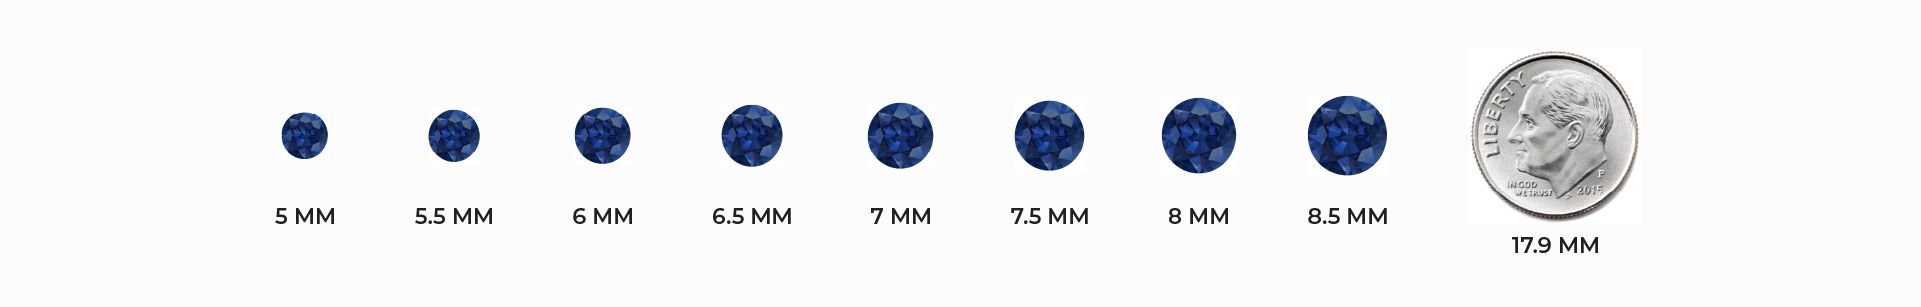 A range of sapphire sizes compared to a dime
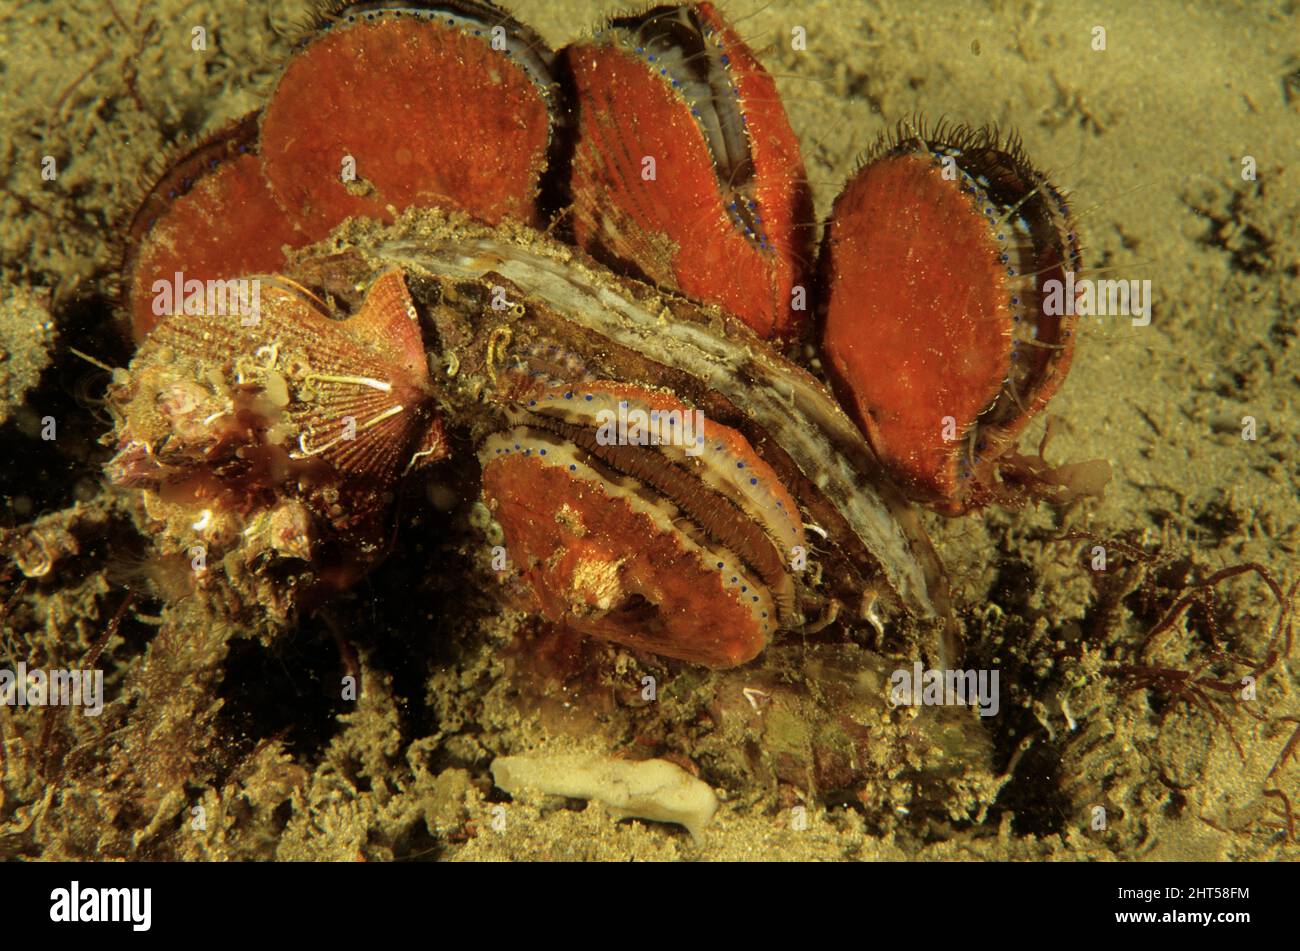 Doughboy scallops  (Mimachlamys asperrima),  covered in orange commensal sponge, attached to a larger King scallop (Pecten meridionalis).  Jervis Bay, Stock Photo
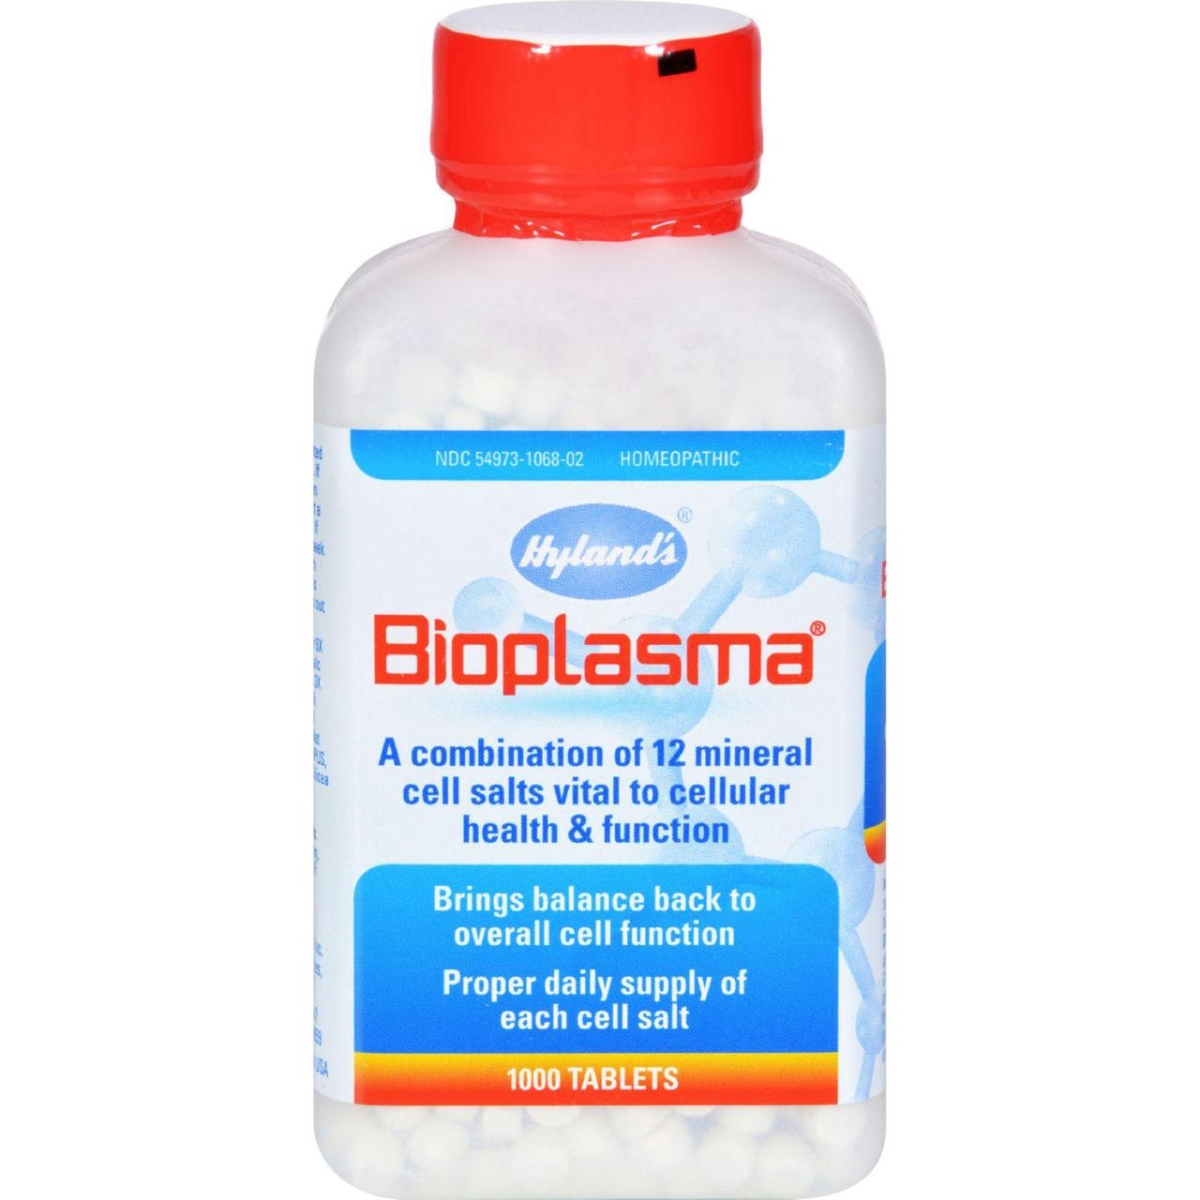 Hg0130963 Homeopathic Bioplasma Cell Salts, 1000 Tablets
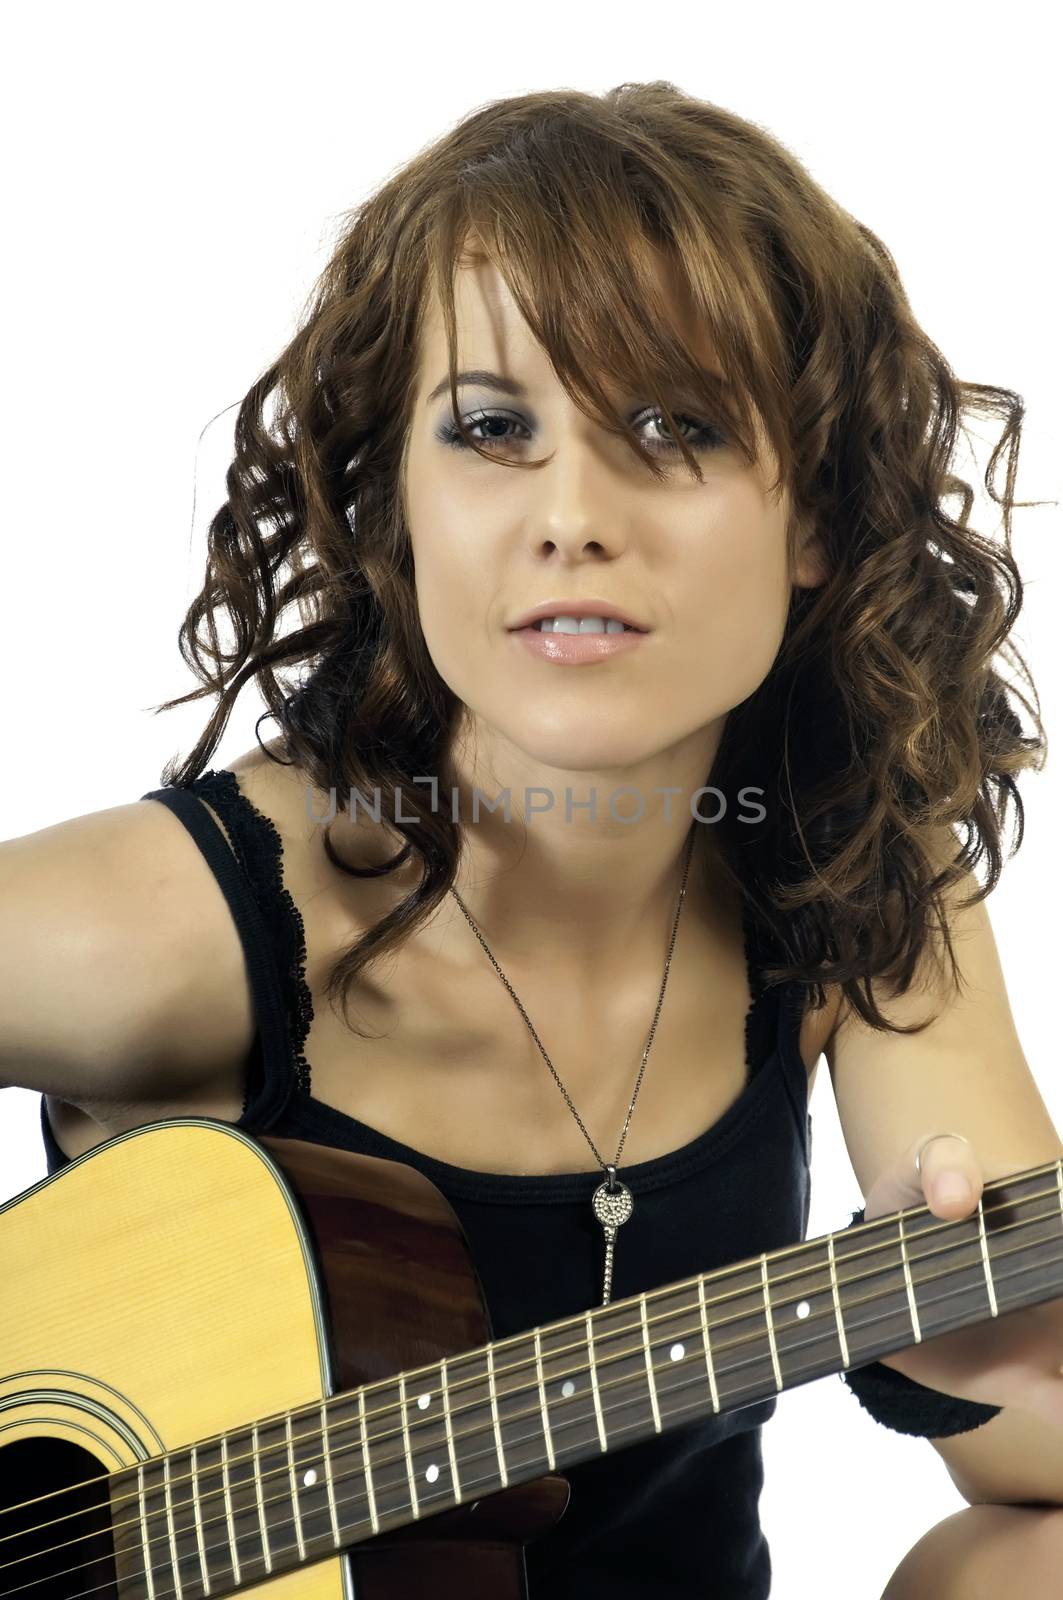 Pretty Brunette Guitar Player by rcarner

## Task brief
Your answer must be an exact copy of the listing, with every picture omitted.

## Solution to the exercise
 A range of sapphire sizes compared to a dime
 Doughboy scallops  (Mimachlamys asperrima),  covered in orange commensal sponge, attached to a larger King scallop (Pecten meridionalis).  Jervis Bay, Stock Photo
 Hg0130963 Homeopathic Bioplasma Cell Salts, 1000 Tablets
 Pretty Brunette Guitar Player by rcarner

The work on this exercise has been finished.